Transcribe the listing that follows in full, exactly, and drop its images.

(Exercise data):
☆ ☆ ☆ ☆ ☆ ☆ ☆

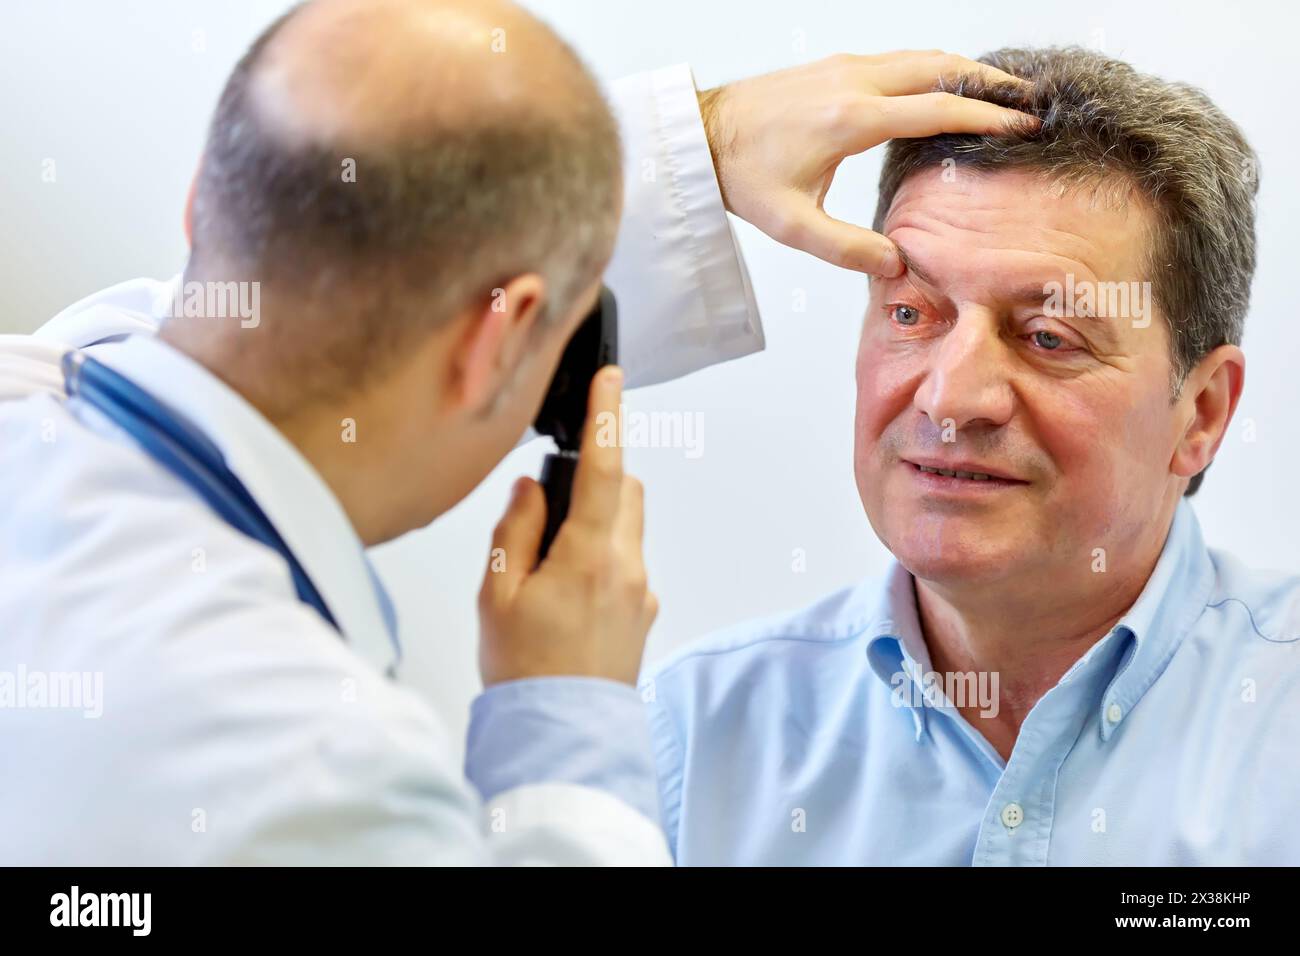 Examen de la vue, une consultation médicale ambulatoire, Lezo, Gipuzkoa, Pays Basque, Espagne Banque D'Images
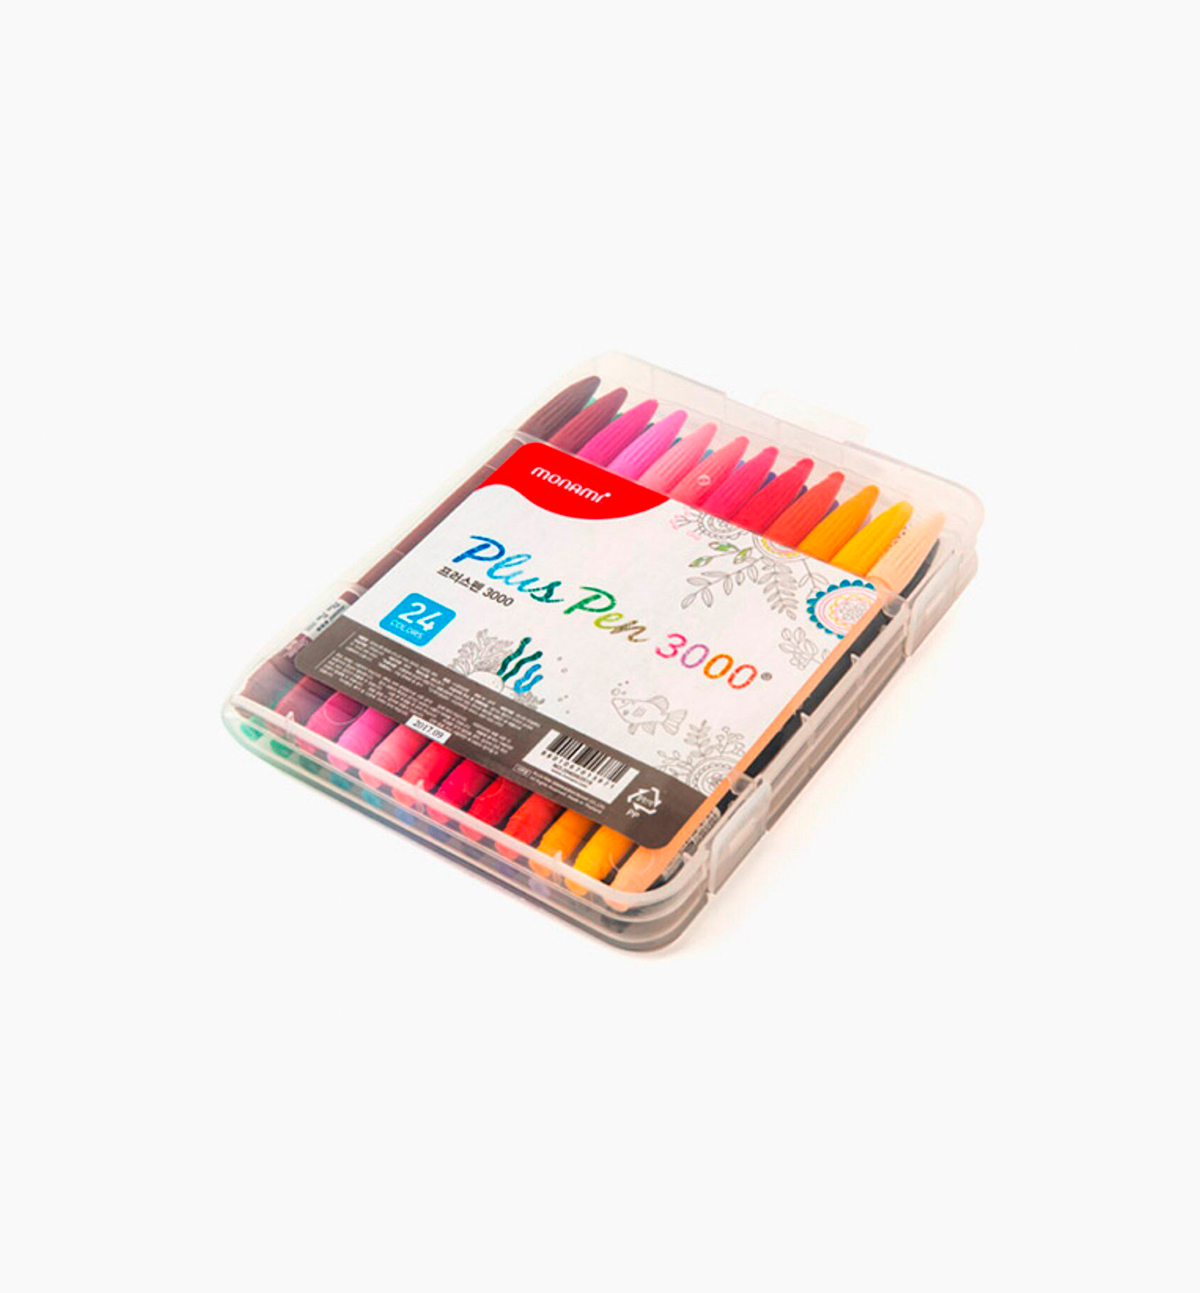 24 Color Plus Pens
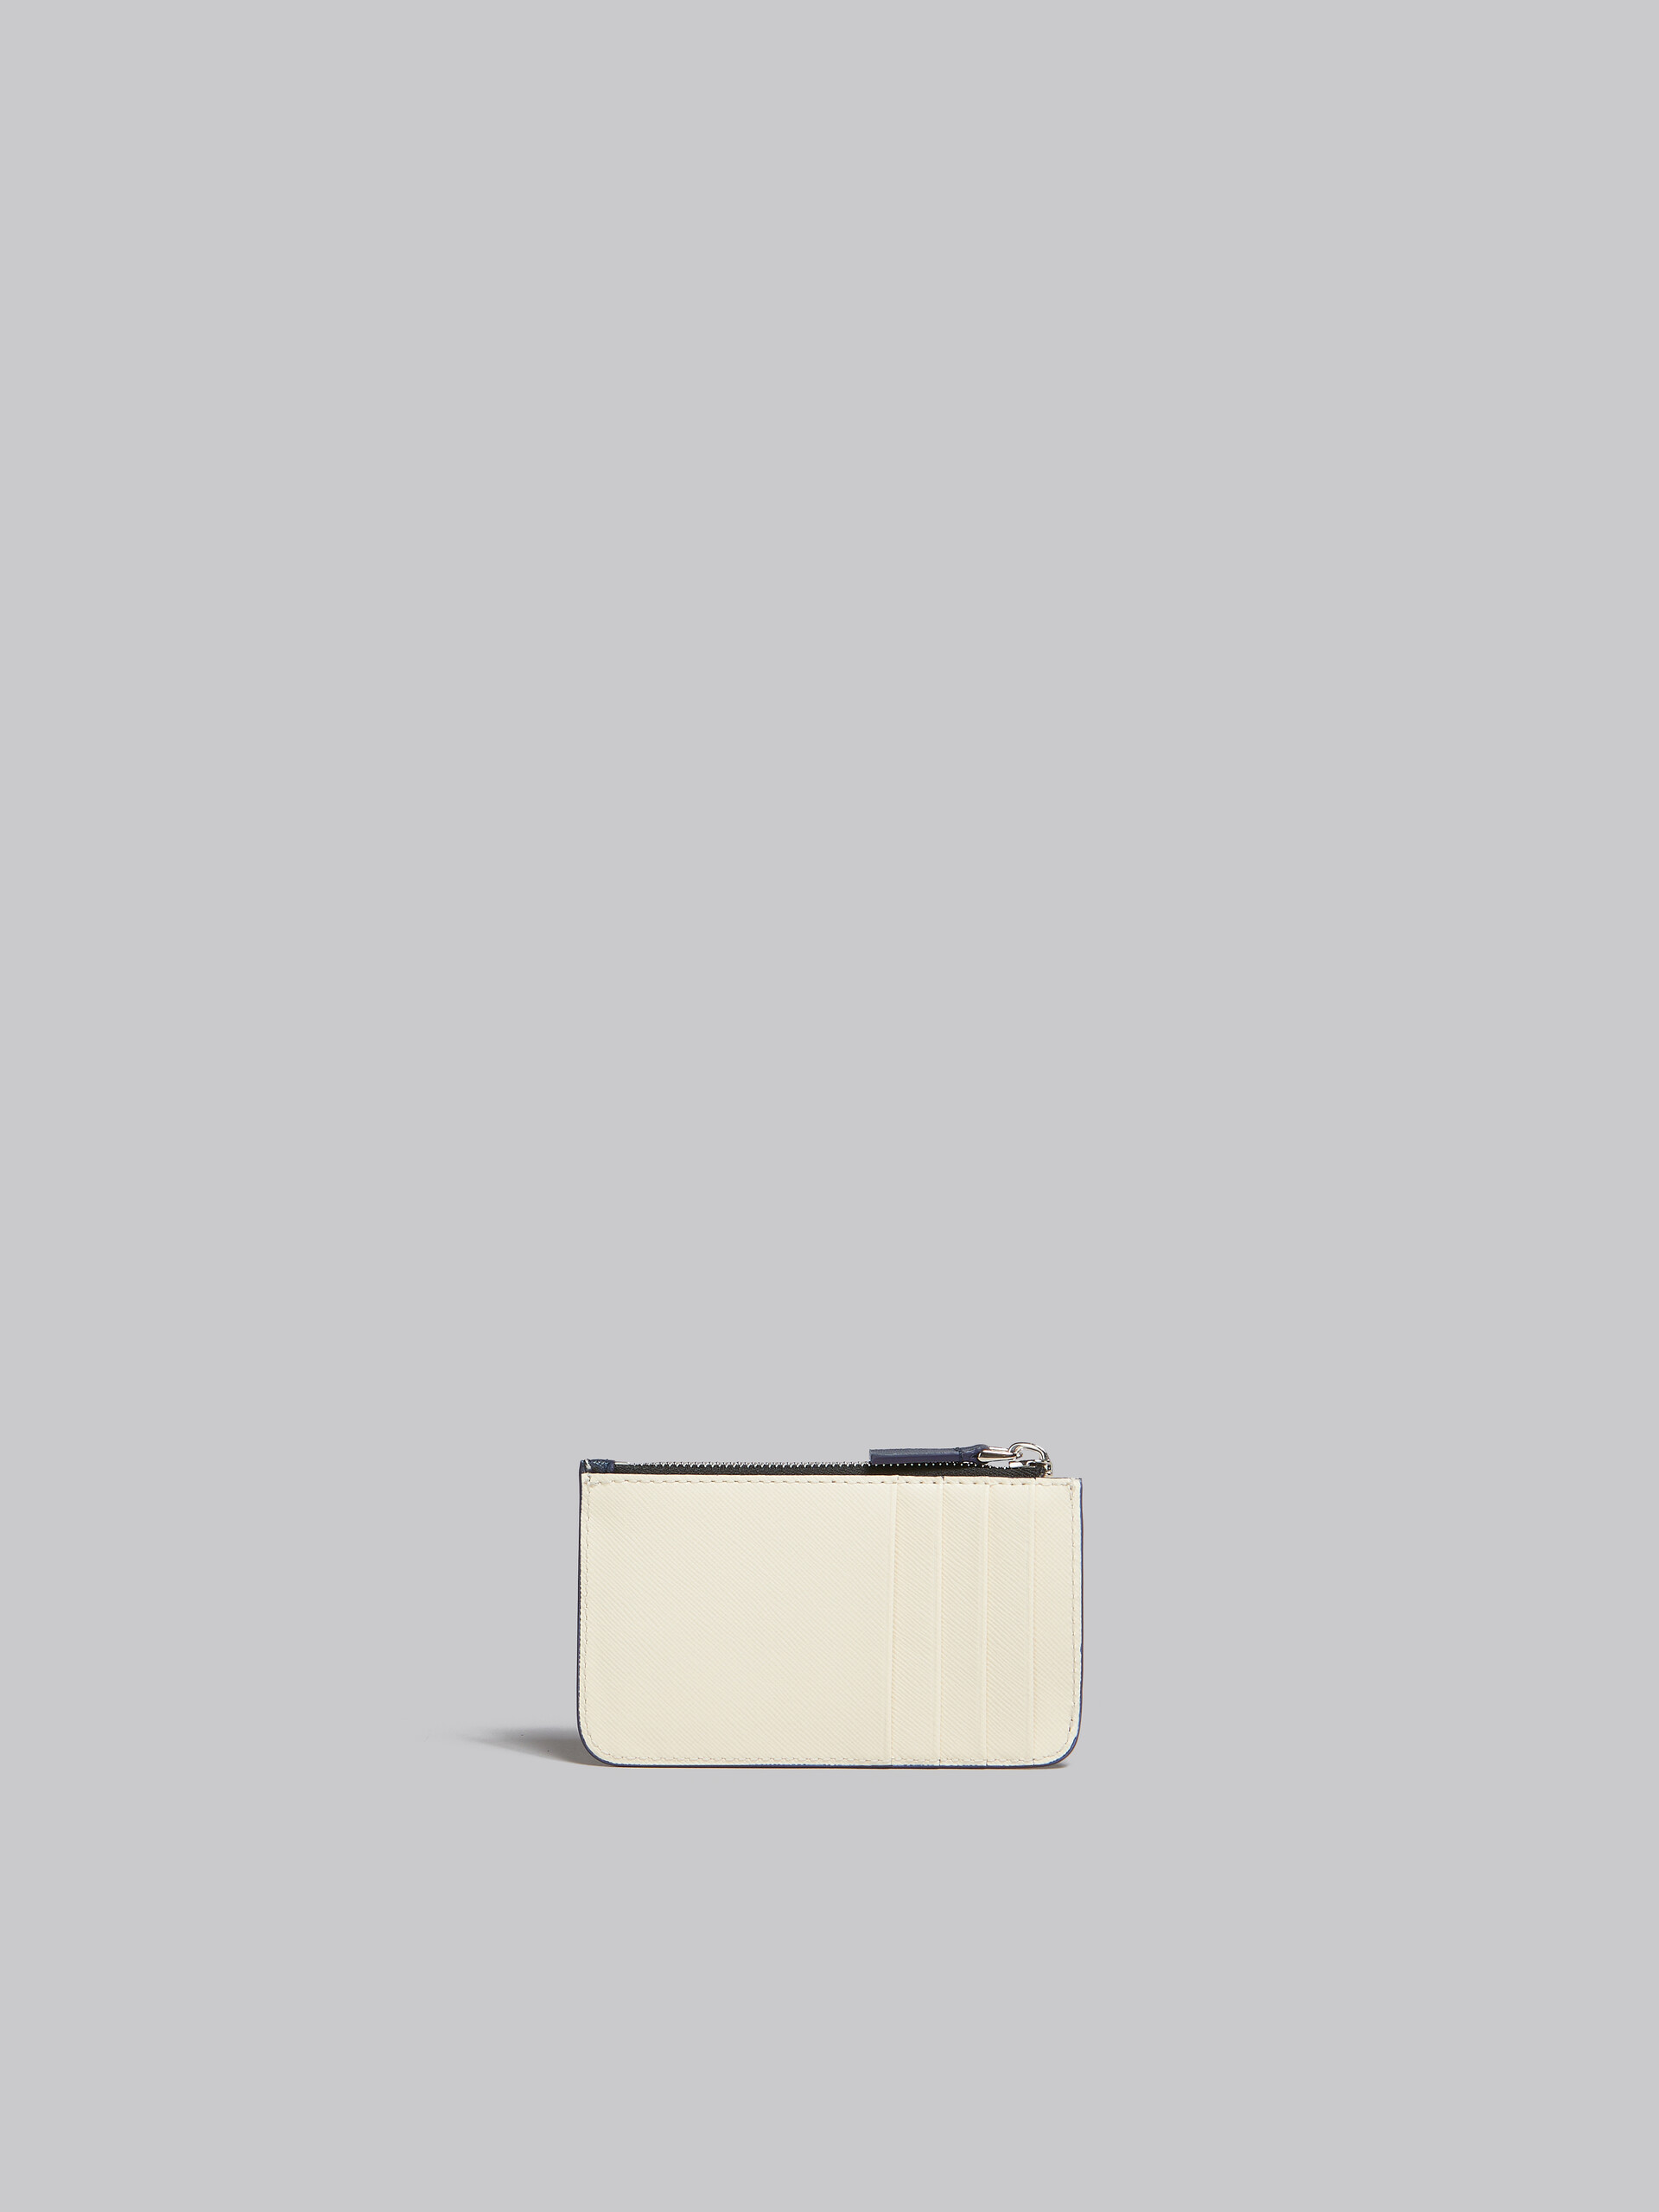 クリーム ディープブルー サフィアーノレザー製 カードホルダー、ファスナー式ポケット - 財布 - Image 3

☆ ☆ ☆ ☆ ☆ ☆ ☆

(Response):
 Examen de la vue, une consultation médicale ambulatoire, Lezo, Gipuzkoa, Pays Basque, Espagne Banque D'Images
 24 Color Plus Pens
 クリーム ディープブルー サフィアーノレザー製 カードホルダー、ファスナー式ポケット - 財布 - Image 3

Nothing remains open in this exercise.